SEC-SAXS analysis validates the existence of dimers and tetramers of GspL^peri in solution. (a) The experimentally determined distance distribution functions of dimer and tetramer of GspL^peri (solid lines, blue and black) in comparison to the calculated P(r) functions of dimer and monomer (dashed lines, green and red) of crystal form 1. (b) Ab initio envelopes generated for dimer (green) and tetramer (cyan) (c) The dimeric envelope manually fitted with the dimer of crystal form 1 and an ensemble of most populous models of the N-terminus, presented as chains of spheres. (d) Kratky plot of the GspL^peri dimer.

Figure 6

A model for substrate loading to the periplasmic vestibule of the type II secretion system.
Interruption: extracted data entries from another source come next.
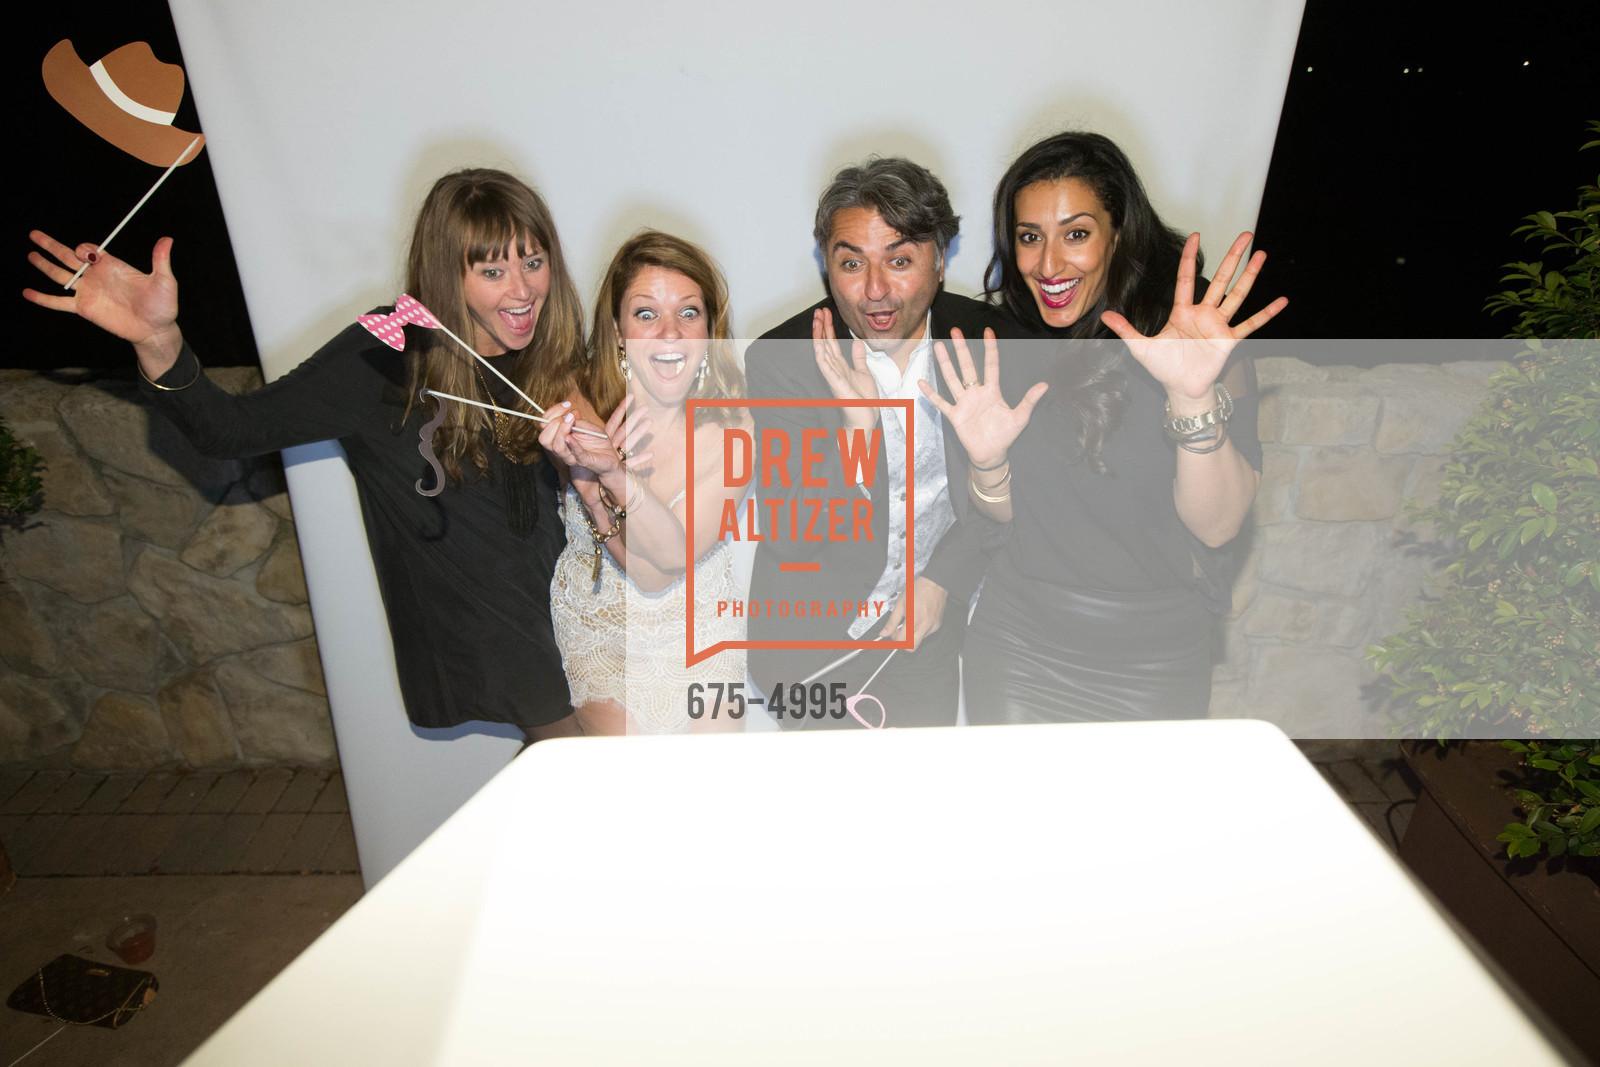 Caitlin Bowman, Malia Hill, Hooman Khalili, Sara Agah, Photo #675-4995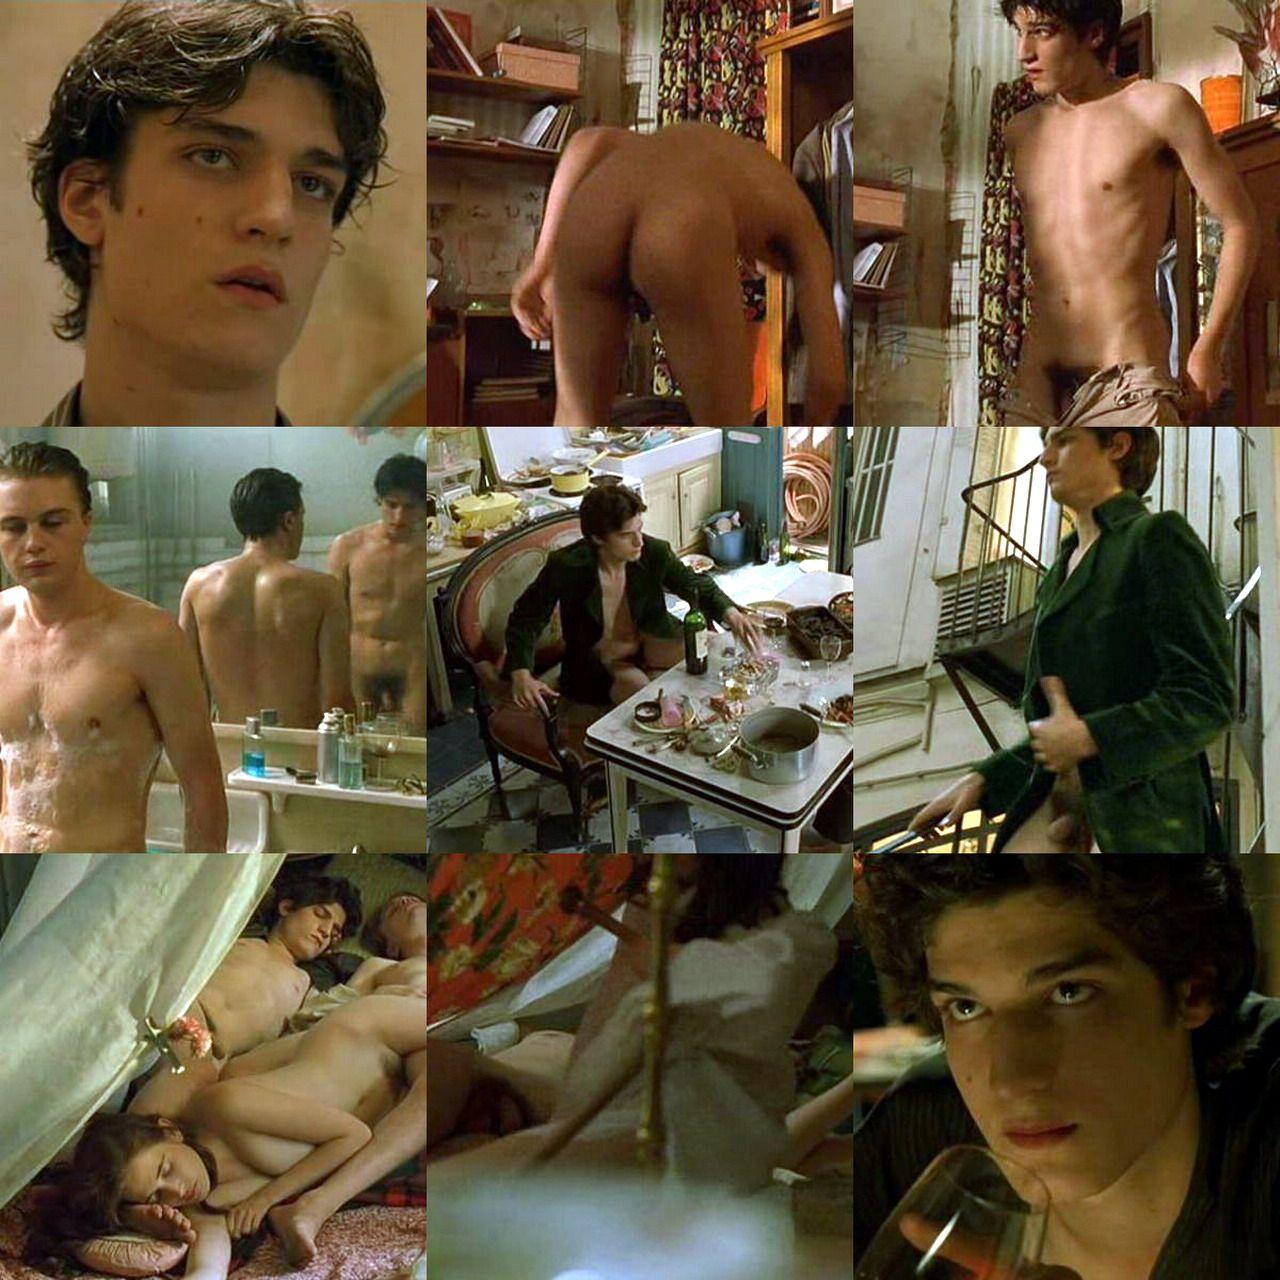 http://4.bp.blogspot.com/_lVsR7e8VsvM/TRH1Rw41xQI/AAAAAAAAlmc/YIVvGxsFucY/s1600/Louis+Garrel+in+The+Dreamers.jpeg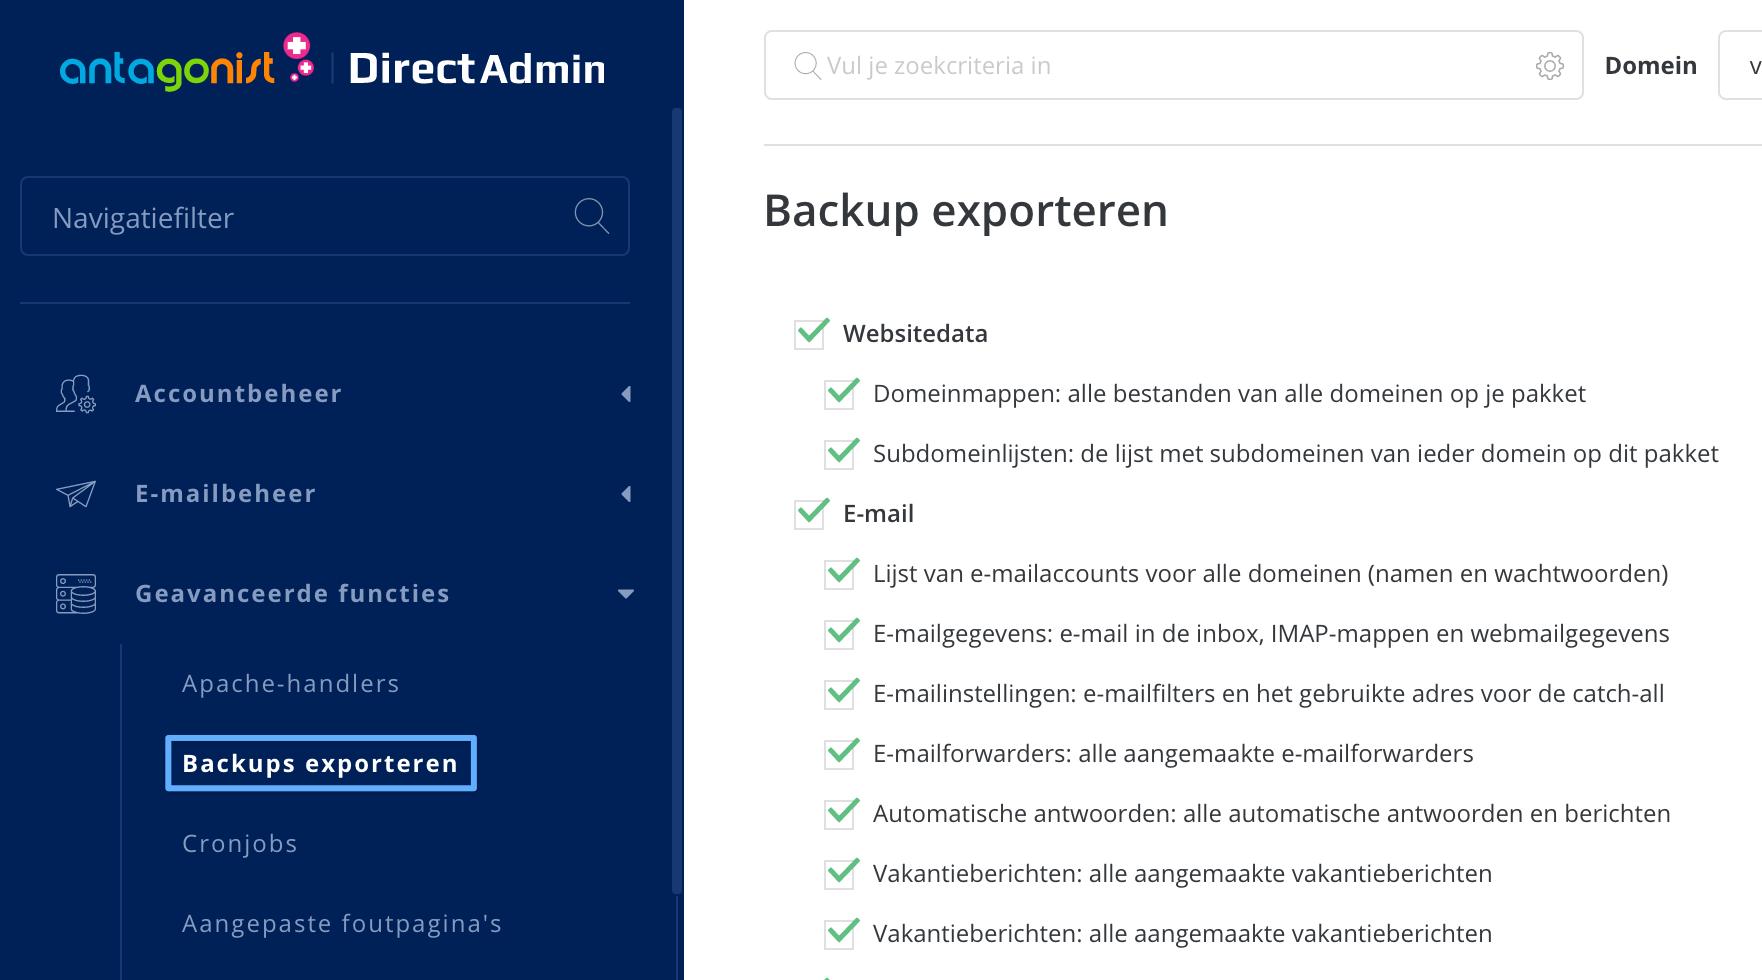 Backups exporteren in DirectAdmin.

The drawing encompasses periplasmic domains of GspL (blue), GspM (grey), GspC (dark grey), the secretin channel (light grey) and a molecule of a cargo protein (black) viewed from the top of the secretion machinery. In the proposed model the transient tetramerization of GspL^peri is proposed as a mechanism to open the periplasmic vestibule and to enable entry of an exoprotein (left). In contrast, the channel is closed when the GspL^peri dimers are equivalently distributed (right).